In his own endorsement of Obama, Powell said the direction Obama was leading America was the right one.

Powell, a former African-American four-star general is regarded as a folk hero in the U.S. and his endorsement of Obama, being himself a Republican is seen as a significant push for the first black president of America.

Currently, Powell’s message supporting the U.S. president is now being widely distributed by the Obama campaign offices across the country.

In the message, Powell said when Obama took over the country was undergoing a worsening recession almost heading into a depression. He added that the U.S. President had now stabilized the country.

“The housing industry is back, he saved the auto industry, I think we need to keep on the track that we are on”, he said.

For a critical section of American evangelical Christians however, Obama is the enemy of the nation.

In an e-mail he sent to all U.S. pastors at the weekend, a noted evangelical pastor and author, James B. Richards contended that Obama is indeed the problem.

He said: “By his own admission Barack Obama is committed to a socialist, extreme leftist agenda and to the reduction of America. If Obama stays in office for a second term, the American idea, based on constitutional government and godly values, may be too far gone to save.”

In addition, Richards who sent the e-mail using the Church Report Daily to deliver his message said Christians in America could easily determine the winner of tomorrow’s election.

He said Obama won the 2008 presidential election by 10 million votes, but Christians alone had over 30 million votes who failed to vote in that election.

According to him, “we could have been the deciding factor but we weren’t! We stood on the sidelines! If we do that again, we will lose our country and our freedoms.”

Richards has, however, been challenged by other U.S. pastors who question his subtle support for a Mormon believer.
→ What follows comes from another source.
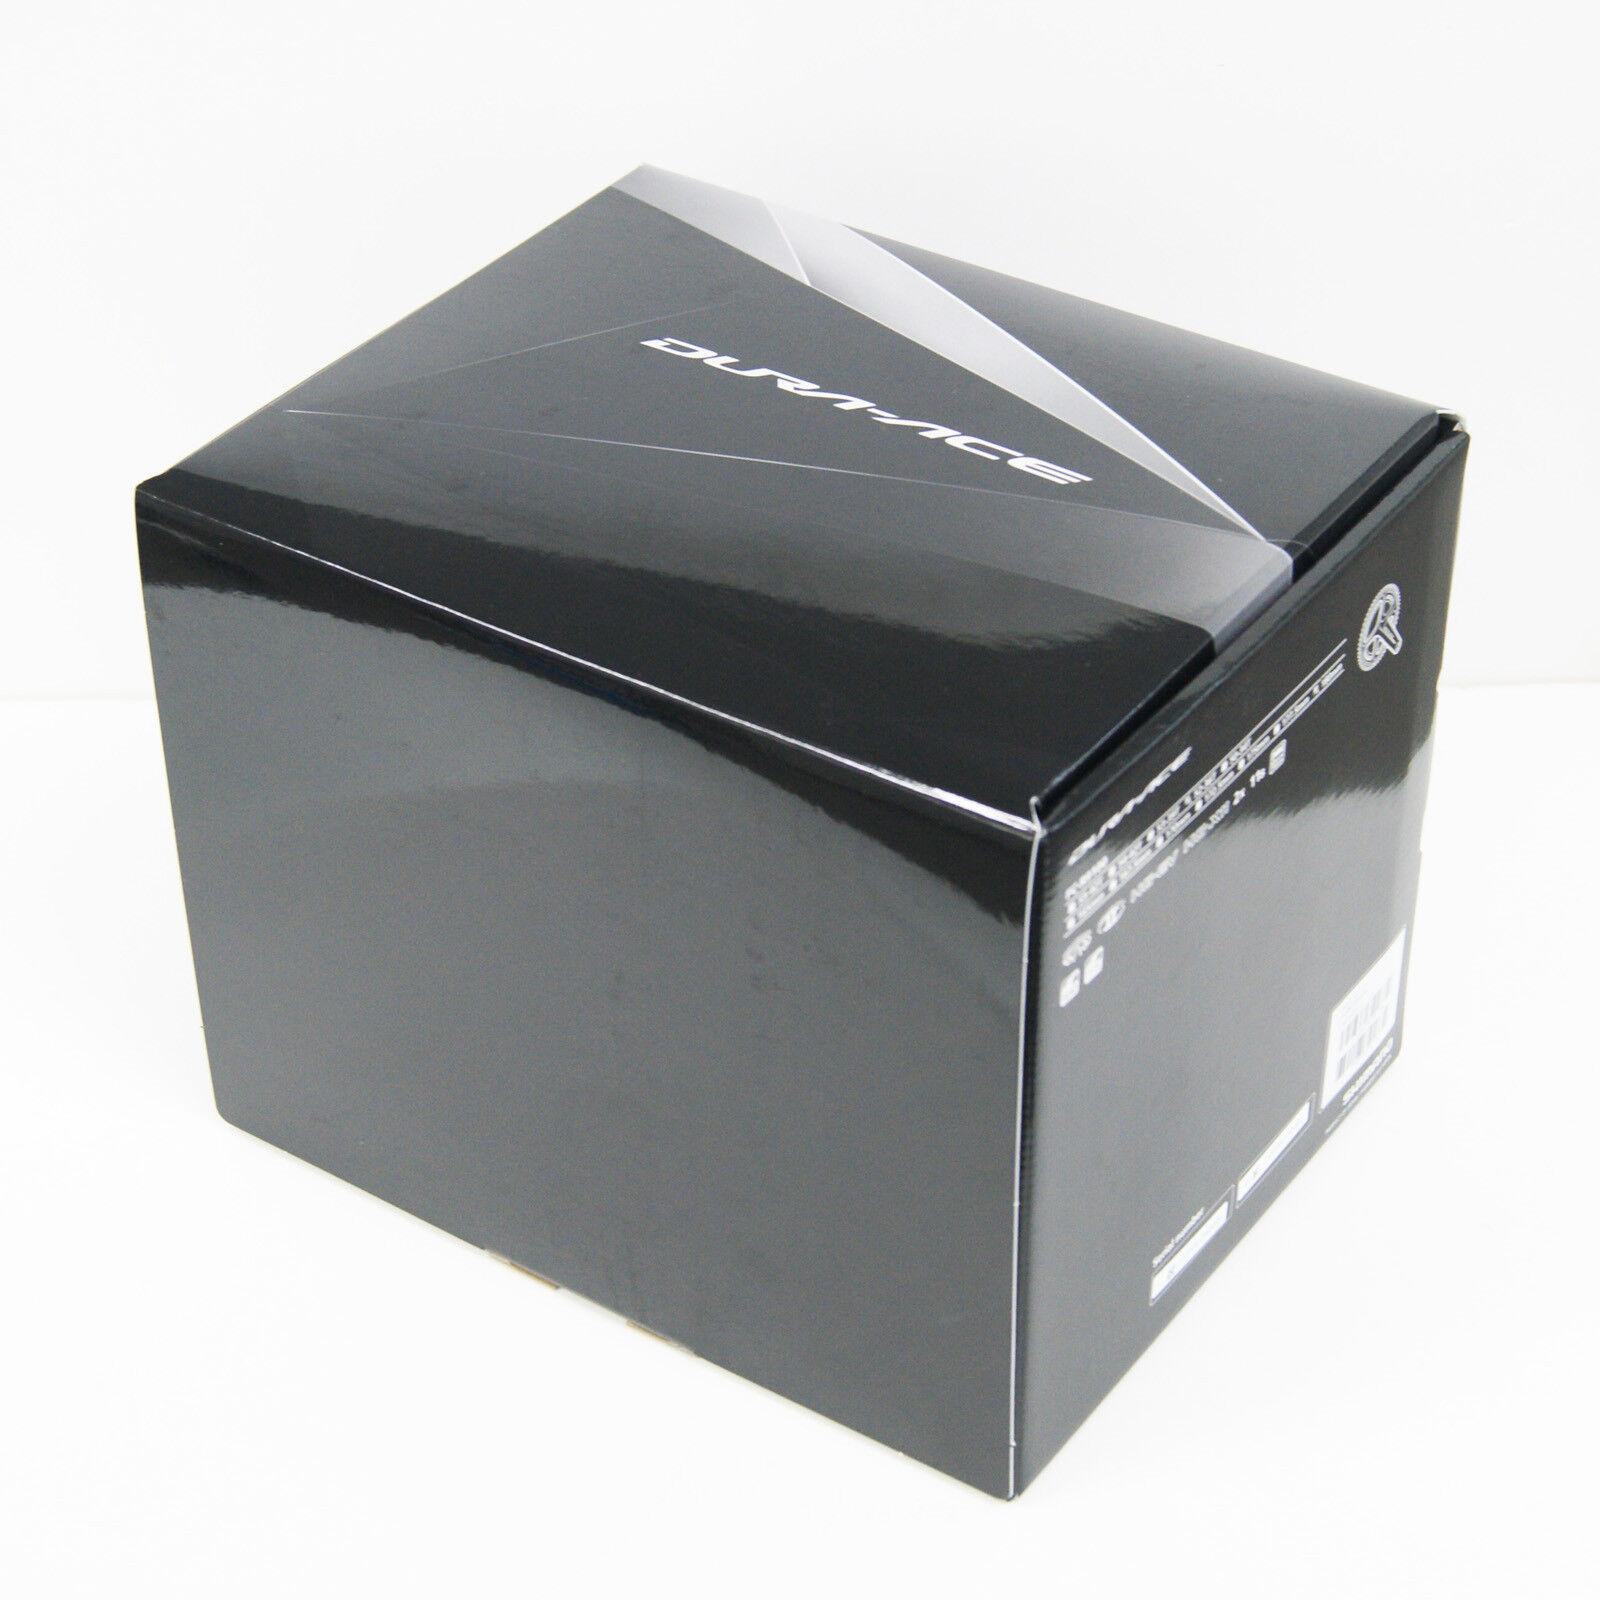 Shimano Dura-Ace FC-R9100 52-36T 180mm 11-Speed Kurbelgarnitur IFCR9100GX26
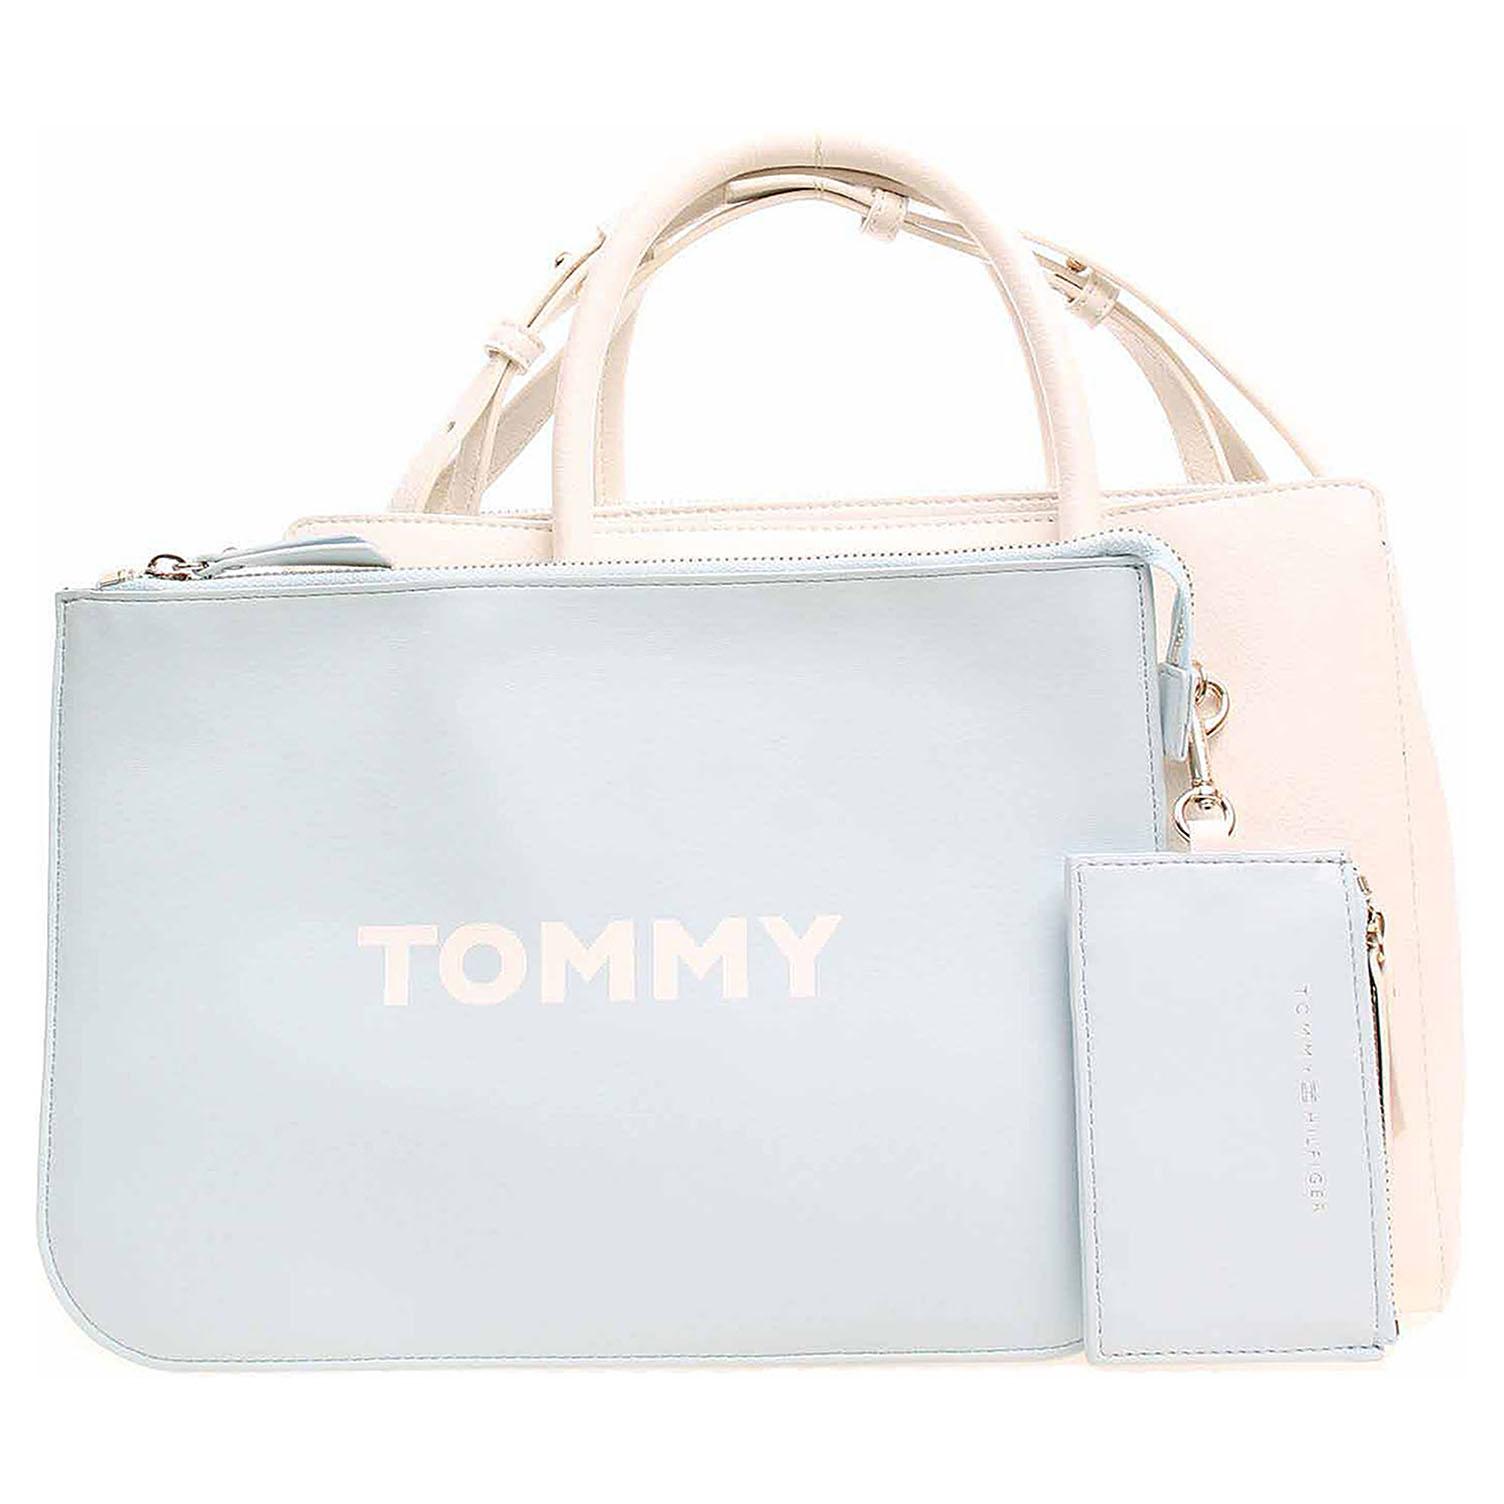 Ecco Tommy Hilfiger dámská kabelka AW0AW06487 104 bright white-tommy navy  11891496 accf72fb275

Many evangelical Americans do not consider Mormons to be Christians, especially because of their different doctrines including those based on their second ‘bible’, the book of Mormons.

Both Romney and Obama campaigns are now actively mobilising their supporters to come out to vote tomorrow, and the recent opinion polls continue to reveal a very tight race, however, with most predicting an eventual victory for the sitting president, even if narrowly.

Tomorrow’s U.S. presidential election will be run using an electoral college where each state is given a number of votes based on its population. The candidate who wins 270 Electoral College votes then becomes president.